_Work task_. Entries follow. Set all of them down as they stand.
[Exercise materials — start]
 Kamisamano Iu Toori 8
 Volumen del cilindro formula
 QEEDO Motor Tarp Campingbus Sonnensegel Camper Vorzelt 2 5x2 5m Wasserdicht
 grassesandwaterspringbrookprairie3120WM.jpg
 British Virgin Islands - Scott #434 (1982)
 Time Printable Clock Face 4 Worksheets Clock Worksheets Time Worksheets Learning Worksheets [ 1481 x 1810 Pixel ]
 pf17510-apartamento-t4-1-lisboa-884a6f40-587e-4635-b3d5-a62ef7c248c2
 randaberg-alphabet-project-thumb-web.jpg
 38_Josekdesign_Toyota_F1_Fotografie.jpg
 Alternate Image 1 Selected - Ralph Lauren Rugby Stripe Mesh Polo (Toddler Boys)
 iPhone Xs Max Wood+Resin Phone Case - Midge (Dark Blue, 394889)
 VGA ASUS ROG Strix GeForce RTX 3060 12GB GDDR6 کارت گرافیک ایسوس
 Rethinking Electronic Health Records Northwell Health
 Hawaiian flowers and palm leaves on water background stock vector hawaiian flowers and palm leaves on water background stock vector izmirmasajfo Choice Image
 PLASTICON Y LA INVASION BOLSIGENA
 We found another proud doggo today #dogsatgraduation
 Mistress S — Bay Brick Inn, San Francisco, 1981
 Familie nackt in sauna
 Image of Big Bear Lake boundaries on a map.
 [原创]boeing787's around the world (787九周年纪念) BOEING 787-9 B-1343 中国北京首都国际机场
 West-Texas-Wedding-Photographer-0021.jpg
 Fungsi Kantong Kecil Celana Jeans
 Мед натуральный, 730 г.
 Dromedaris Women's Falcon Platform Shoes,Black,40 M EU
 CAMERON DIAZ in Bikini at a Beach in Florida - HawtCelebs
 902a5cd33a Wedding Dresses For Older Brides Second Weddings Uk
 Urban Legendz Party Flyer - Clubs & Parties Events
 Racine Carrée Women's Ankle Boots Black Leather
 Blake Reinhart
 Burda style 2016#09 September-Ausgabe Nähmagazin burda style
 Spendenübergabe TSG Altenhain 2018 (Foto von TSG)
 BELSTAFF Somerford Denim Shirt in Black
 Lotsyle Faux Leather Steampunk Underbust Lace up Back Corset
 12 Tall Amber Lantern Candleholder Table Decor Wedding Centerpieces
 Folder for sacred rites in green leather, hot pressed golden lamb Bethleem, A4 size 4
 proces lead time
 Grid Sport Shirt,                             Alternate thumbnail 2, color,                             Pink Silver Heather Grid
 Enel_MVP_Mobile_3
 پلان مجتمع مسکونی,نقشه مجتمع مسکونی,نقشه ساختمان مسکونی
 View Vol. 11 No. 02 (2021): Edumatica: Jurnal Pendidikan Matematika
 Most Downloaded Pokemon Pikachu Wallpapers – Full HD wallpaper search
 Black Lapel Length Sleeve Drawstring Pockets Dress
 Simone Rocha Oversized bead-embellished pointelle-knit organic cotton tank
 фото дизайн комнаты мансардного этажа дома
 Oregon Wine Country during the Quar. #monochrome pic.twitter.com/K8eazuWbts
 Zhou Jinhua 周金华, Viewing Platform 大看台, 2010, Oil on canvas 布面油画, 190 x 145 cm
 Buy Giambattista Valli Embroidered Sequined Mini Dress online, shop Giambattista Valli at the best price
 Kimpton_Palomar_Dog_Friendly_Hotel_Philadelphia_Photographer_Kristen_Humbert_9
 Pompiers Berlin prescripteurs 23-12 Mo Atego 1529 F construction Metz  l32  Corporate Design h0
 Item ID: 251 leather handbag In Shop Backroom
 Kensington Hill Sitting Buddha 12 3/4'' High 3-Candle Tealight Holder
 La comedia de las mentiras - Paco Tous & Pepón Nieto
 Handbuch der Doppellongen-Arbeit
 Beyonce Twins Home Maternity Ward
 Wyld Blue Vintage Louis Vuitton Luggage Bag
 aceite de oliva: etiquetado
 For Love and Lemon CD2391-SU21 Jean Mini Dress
[Exercise materials — finish]
_Your solution_.
 Kamisamano Iu Toori 8
 Volumen del cilindro formula
 QEEDO Motor Tarp Campingbus Sonnensegel Camper Vorzelt 2 5x2 5m Wasserdicht
 grassesandwaterspringbrookprairie3120WM.jpg
 British Virgin Islands - Scott #434 (1982)
 Time Printable Clock Face 4 Worksheets Clock Worksheets Time Worksheets Learning Worksheets [ 1481 x 1810 Pixel ]
 pf17510-apartamento-t4-1-lisboa-884a6f40-587e-4635-b3d5-a62ef7c248c2
 randaberg-alphabet-project-thumb-web.jpg
 38_Josekdesign_Toyota_F1_Fotografie.jpg
 Alternate Image 1 Selected - Ralph Lauren Rugby Stripe Mesh Polo (Toddler Boys)
 iPhone Xs Max Wood+Resin Phone Case - Midge (Dark Blue, 394889)
 VGA ASUS ROG Strix GeForce RTX 3060 12GB GDDR6 کارت گرافیک ایسوس
 Rethinking Electronic Health Records Northwell Health
 Hawaiian flowers and palm leaves on water background stock vector hawaiian flowers and palm leaves on water background stock vector izmirmasajfo Choice Image
 PLASTICON Y LA INVASION BOLSIGENA
 We found another proud doggo today #dogsatgraduation
 Mistress S — Bay Brick Inn, San Francisco, 1981
 Familie nackt in sauna
 Image of Big Bear Lake boundaries on a map.
 [原创]boeing787's around the world (787九周年纪念) BOEING 787-9 B-1343 中国北京首都国际机场
 West-Texas-Wedding-Photographer-0021.jpg
 Fungsi Kantong Kecil Celana Jeans
 Мед натуральный, 730 г.
 Dromedaris Women's Falcon Platform Shoes,Black,40 M EU
 CAMERON DIAZ in Bikini at a Beach in Florida - HawtCelebs
 902a5cd33a Wedding Dresses For Older Brides Second Weddings Uk
 Urban Legendz Party Flyer - Clubs & Parties Events
 Racine Carrée Women's Ankle Boots Black Leather
 Blake Reinhart
 Burda style 2016#09 September-Ausgabe Nähmagazin burda style
 Spendenübergabe TSG Altenhain 2018 (Foto von TSG)
 BELSTAFF Somerford Denim Shirt in Black
 Lotsyle Faux Leather Steampunk Underbust Lace up Back Corset
 12 Tall Amber Lantern Candleholder Table Decor Wedding Centerpieces
 Folder for sacred rites in green leather, hot pressed golden lamb Bethleem, A4 size 4
 proces lead time
 Grid Sport Shirt,                             Alternate thumbnail 2, color,                             Pink Silver Heather Grid
 Enel_MVP_Mobile_3
 پلان مجتمع مسکونی,نقشه مجتمع مسکونی,نقشه ساختمان مسکونی
 View Vol. 11 No. 02 (2021): Edumatica: Jurnal Pendidikan Matematika
 Most Downloaded Pokemon Pikachu Wallpapers – Full HD wallpaper search
 Black Lapel Length Sleeve Drawstring Pockets Dress
 Simone Rocha Oversized bead-embellished pointelle-knit organic cotton tank
 фото дизайн комнаты мансардного этажа дома
 Oregon Wine Country during the Quar. #monochrome pic.twitter.com/K8eazuWbts
 Zhou Jinhua 周金华, Viewing Platform 大看台, 2010, Oil on canvas 布面油画, 190 x 145 cm
 Buy Giambattista Valli Embroidered Sequined Mini Dress online, shop Giambattista Valli at the best price
 Kimpton_Palomar_Dog_Friendly_Hotel_Philadelphia_Photographer_Kristen_Humbert_9
 Pompiers Berlin prescripteurs 23-12 Mo Atego 1529 F construction Metz  l32  Corporate Design h0
 Item ID: 251 leather handbag In Shop Backroom
 Kensington Hill Sitting Buddha 12 3/4'' High 3-Candle Tealight Holder
 La comedia de las mentiras - Paco Tous & Pepón Nieto
 Handbuch der Doppellongen-Arbeit
 Beyonce Twins Home Maternity Ward
 Wyld Blue Vintage Louis Vuitton Luggage Bag
 aceite de oliva: etiquetado
 For Love and Lemon CD2391-SU21 Jean Mini Dress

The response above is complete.